To conclude this series, I hope that I have demonstrated some of the key features of the new government and set out a plan for Labour to proceed in opposition. The coalition showed that the Tories could not win a majority by themselves even in such favourable conditions. Labour needs to use this to our advantage in order to shrink both the Tories and the Lib Dems into a co-dependent state. The Tories lose their teeth and the Lib Dems lose their independence.
The coalition will survive for the duration of the Parliament; the conditions are right for it to last because we have seen just how willing the Lib Dems are to throw away their principles. The government is structurally sound because the Tories do not depend on the Lib Dems to be in power, but for the Lib Dems this is their only chance.
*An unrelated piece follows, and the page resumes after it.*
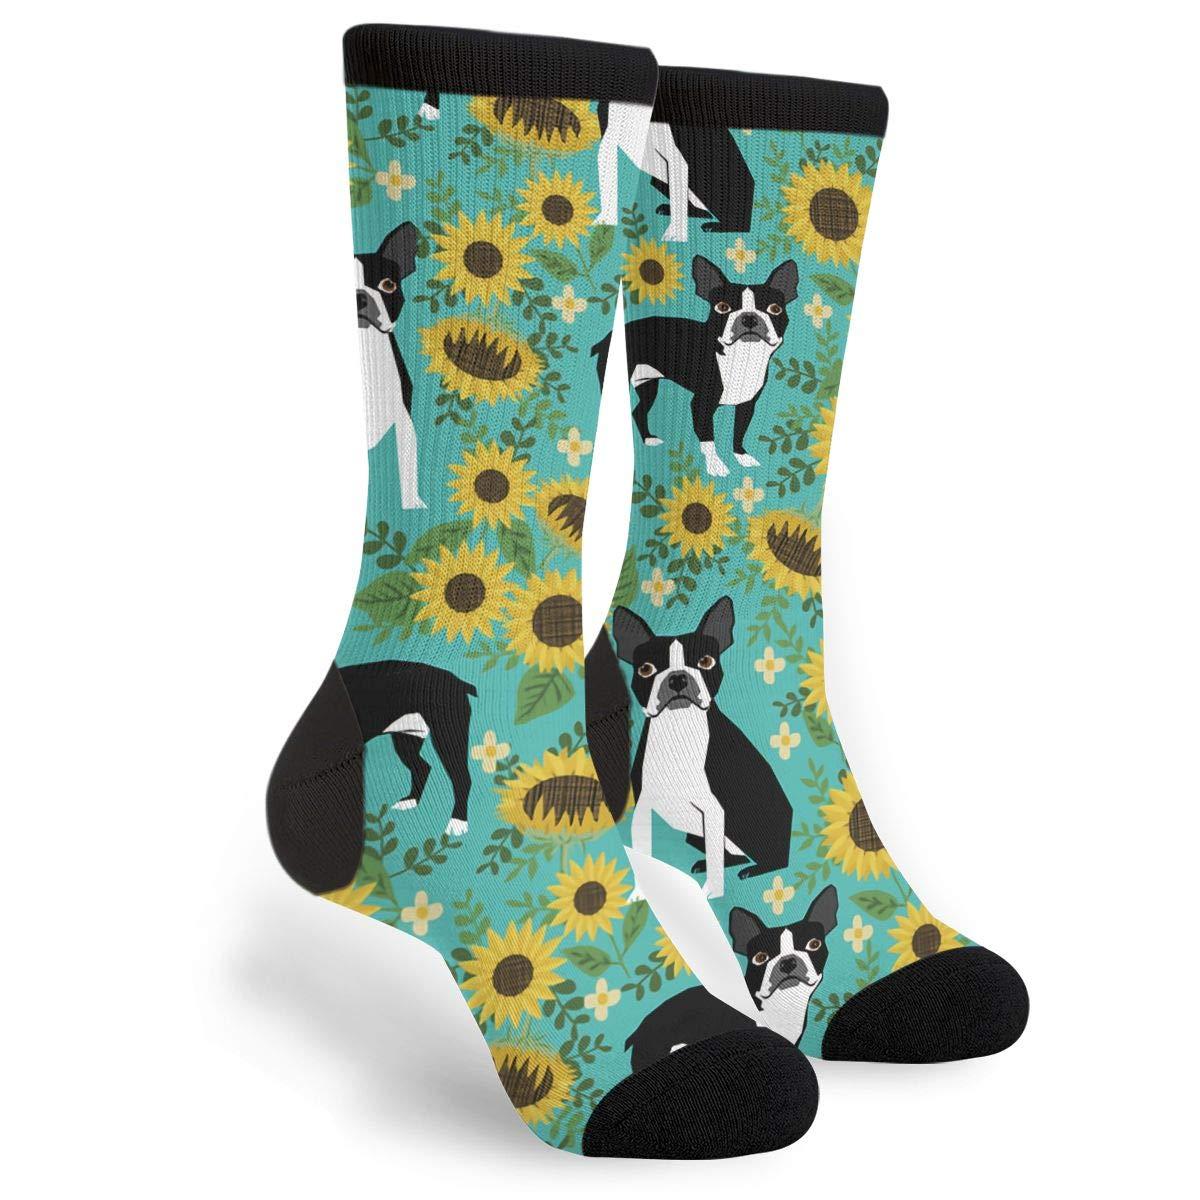 Boston Terrier Sunflower Dogs Socks,Christmas Gifts Unisex Casual Cotton Crazy Crew Socks

The fact that the coalition will go the distance is good for Labour as we can occupy a broader space on the centre-left. It is important to stick the other two parties together, which is why we are better off referring to John Major’s government and its divisions over the callous spending cuts of Thatcher.
In doing so, we must move away from the line that the Lib Dems betrayed their voters. If the voters feel betrayed, we cannot mock them if we want their support, this is why it is better to dismiss the Lib Dem leadership as useful idiots or even hostages in some cases, while we concentrate are arguments against a typical Tory government.
However, we do need to understand that the game we play with the Lib Dems has changed, or perhaps it would be better to say ‘exposed.’ This is why we have to resist the obvious temptation to mock their hypocrisy.
Finally, Labour needs to accept responsibility for its record in government and act accordingly. We have to show that the party is not bitter and can be constructive, but that we are always ready to right for those who need help. It is a case of picking battles carefully.
The coalition does not represent New Politics, but as the Labour Party it is our duty to come up with new ideas.